It should be noted that passing through at least at least one sample graph of two-tier network structure to input in the embodiment of the present application Piece carries out process of convolution, obtains at least two characteristic pattern corresponding at least at least two convolutional layers of two-tier network structure, institute Stating at least two convolutional layers includes at least one first kind feature extraction layer and at least one second category feature extract layer, and described The corresponding characteristic pattern of first kind feature extraction layer is first kind characteristic pattern, characteristic pattern corresponding with the second category feature extract layer For the second category feature figure, wherein the first kind feature extraction layer is located at before the second category feature extract layer；Described in extraction The characteristic information of the characteristic information of first kind characteristic pattern and the second category feature figure；According to the feature of the first kind characteristic pattern The characteristic information of information and the second category feature figure corresponding position coordinates in the samples pictures obtain the check bit of face frame Set coordinate；The weight of each convolutional layer is updated according to the matching degree of the corresponding characteristic pattern of last bit convolutional layer and target image Value, the last bit convolutional layer are the convolutional layer of the end output layer in at least two-tier network structure；According to each described The weighted value of convolutional layer generates Face datection model.Since the size that first kind feature extraction layer is located further forward its characteristic plane is opposite It is larger, it can be used for detecting small face, the spy for detecting small face can be improved by the extraction of the characteristic information to first kind characteristic pattern Depth is levied, and then realizes the purpose for improving small face detectability；It is improved by using the mode that convolutional layer merges and is The recall rate and accuracy rate of system detection.
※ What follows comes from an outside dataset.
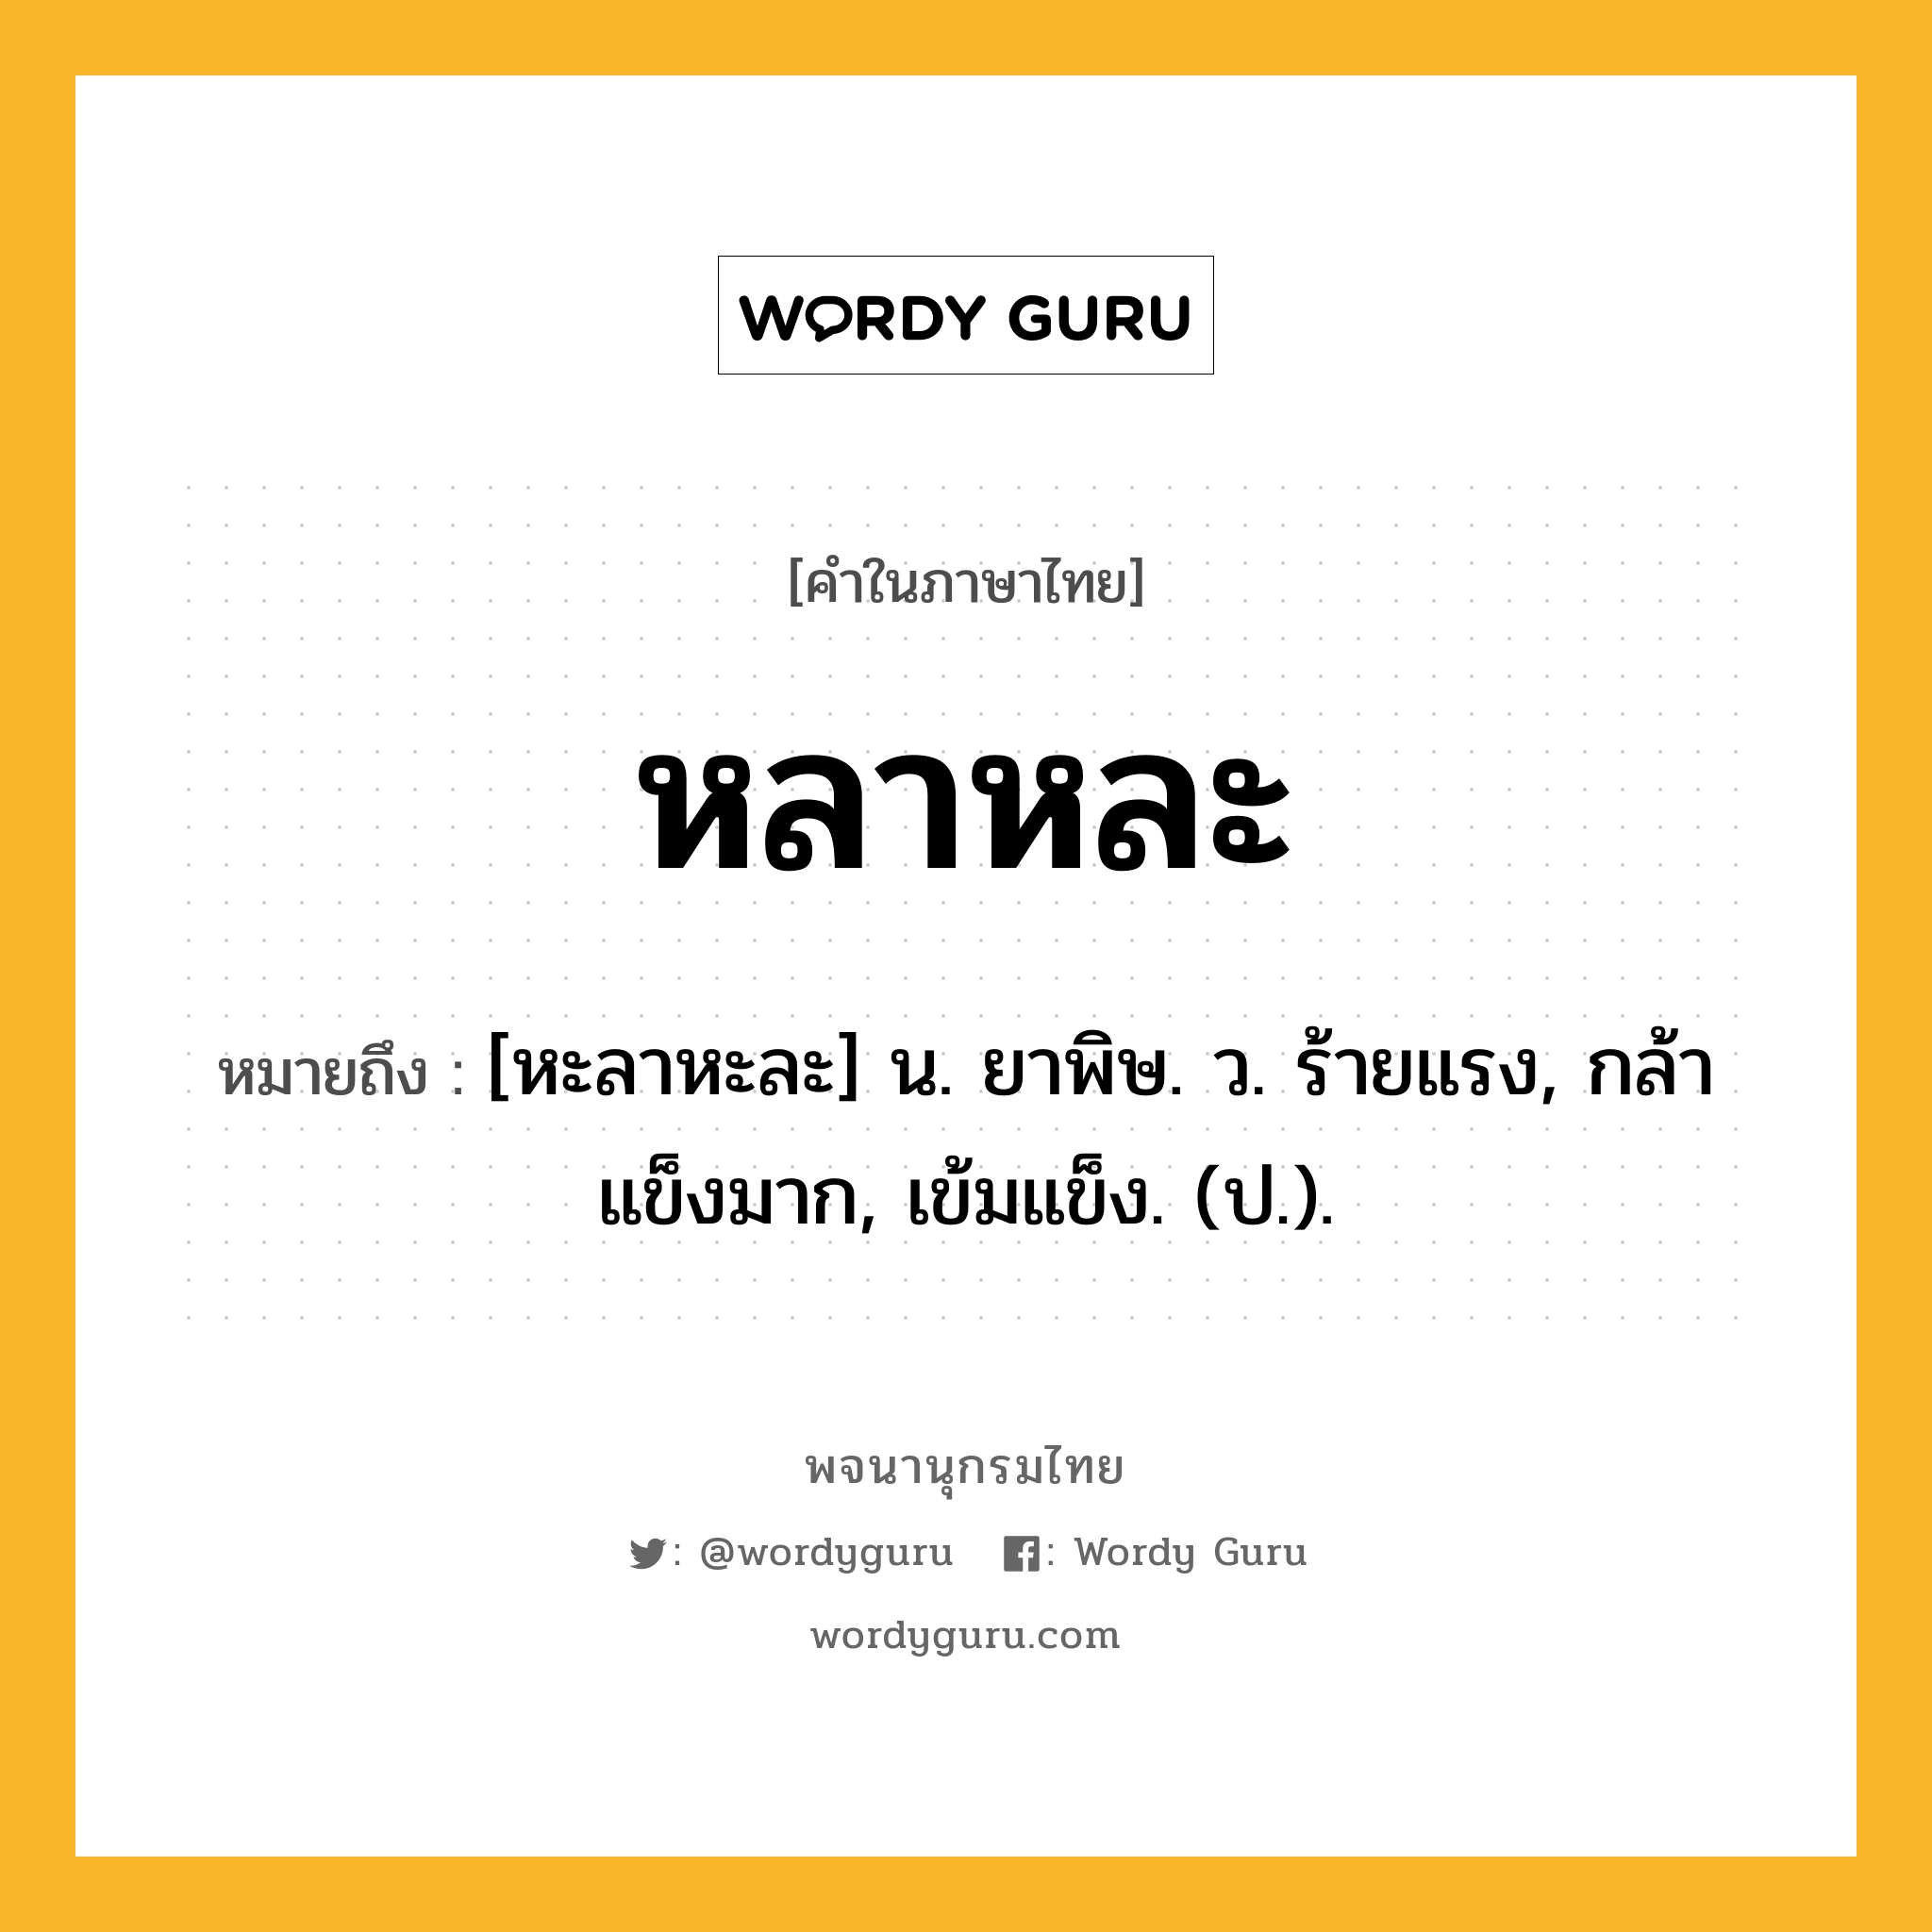 หลาหละ ความหมาย หมายถึงอะไร?, คำในภาษาไทย หลาหละ หมายถึง [หะลาหะละ] น. ยาพิษ. ว. ร้ายแรง, กล้าแข็งมาก, เข้มแข็ง. (ป.).
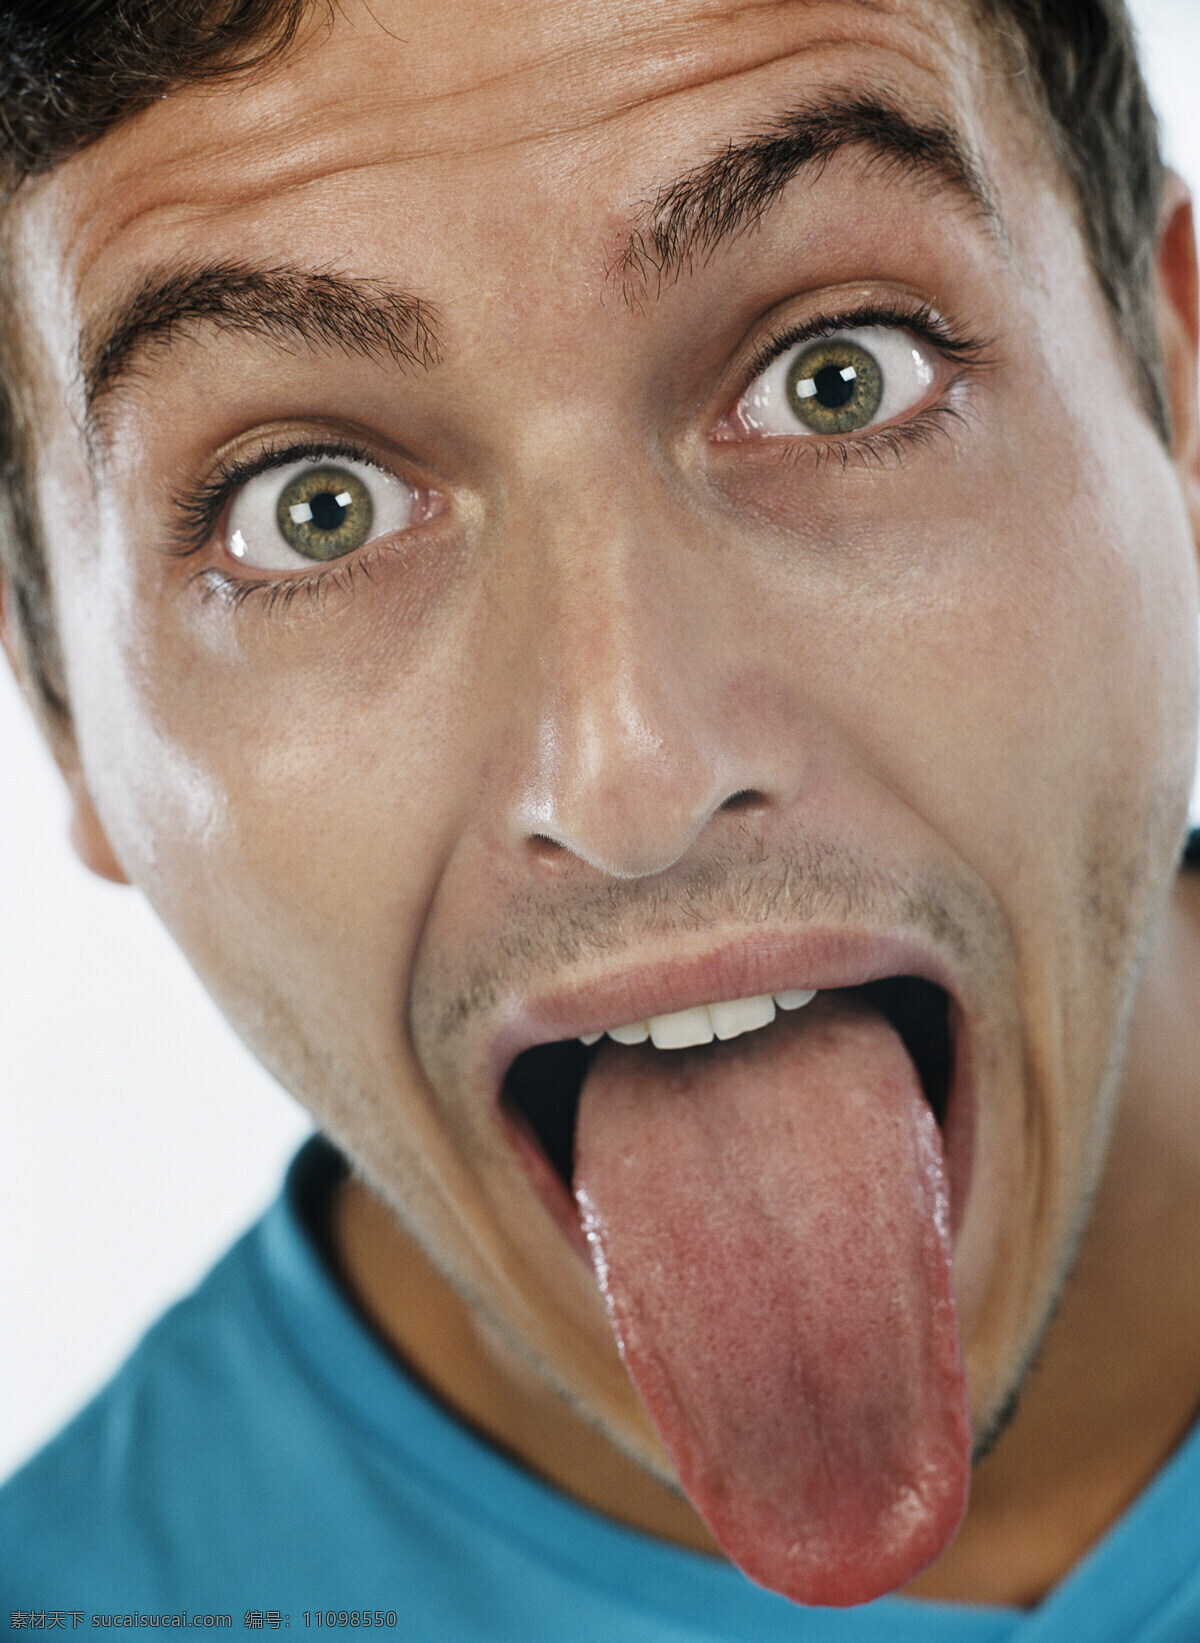 伸舌头 男人 舌头 检查 兴奋 人物 人物摄影 国外人物 生活人物 人物图片

Based on the same inventive concept, Fig. 8 is a kind of face detection system provided by the invention, including：

Processing unit 21, to pass through at least to be detected picture of the two-tier network structure to input based on Face datection model Process of convolution is carried out, at least two characteristic pattern corresponding at least at least two convolutional layers of two-tier network structure is obtained, it is described At least two convolutional layers include at least one first kind feature extraction layer and at least one second category feature extract layer, with described The corresponding characteristic pattern of a kind of feature extraction layer is first kind characteristic pattern, and characteristic pattern corresponding with the second category feature extract layer is Second category feature figure, wherein the first kind feature extraction layer is located at before the second category feature extract layer；

First extraction unit 22, to extract the characteristic information of the first kind characteristic pattern；

Second extraction unit 23, to extract the characteristic information of the second category feature figure；

Detection unit 24, to according to the characteristic information of the first kind characteristic pattern and the characteristic information of the second category feature figure Corresponding position coordinates obtain the detection position coordinates of face frame in the picture to be detected.

In one or more embodiment of the application, first extraction unit 22 is special to extract the first kind The characteristic information of figure is levied, including：

The first kind characteristic pattern is compressed；

In one or more embodiment of the application, second extraction unit 23 extracts the second category feature figure Characteristic information, including：

In one or more embodiment of the application, second extraction unit 23 is by least two second category features The corresponding second category feature figure of extract layer merges, including：

In one or more embodiment of the application, second extraction unit 23 is by least three second category features The corresponding second category feature figure of extract layer merges, including：

In one or more embodiment of the application, the detection unit 24 is to according to the first kind characteristic pattern Characteristic information and the second category feature figure characteristic information in the picture to be detected corresponding position coordinates obtain face frame Detection position sit, including：

It should be noted that being improved in such a way that the second extraction unit 23 merges convolutional layer in the embodiment of the present application The detection performance of system detection；The position coordinates of face characteristic are all merged to generate face using Soft-NMS module The detection position coordinates of frame improve the recall rate and accuracy rate of system detection.

Based on the same inventive concept, the present invention provides a kind of electronic systems, including at least one processor and memory, The memory is stored with program, and is configured to execute following steps by processor described at least one：

Extract the characteristic information of the second category feature figure；

Based on the same inventive concept, the present invention provides a kind of computer readable storage mediums, including with electronic system knot The program used is closed, program can be executed by processor to complete following steps：

Extract the characteristic information of the second category feature figure；

All the embodiments in this specification are described in a progressive manner, same and similar portion between each embodiment Dividing may refer to each other, and each embodiment focuses on the differences from other embodiments.Especially for system reality For applying example, since it is substantially similar to the method embodiment, so being described relatively simple, related place is referring to embodiment of the method Part explanation.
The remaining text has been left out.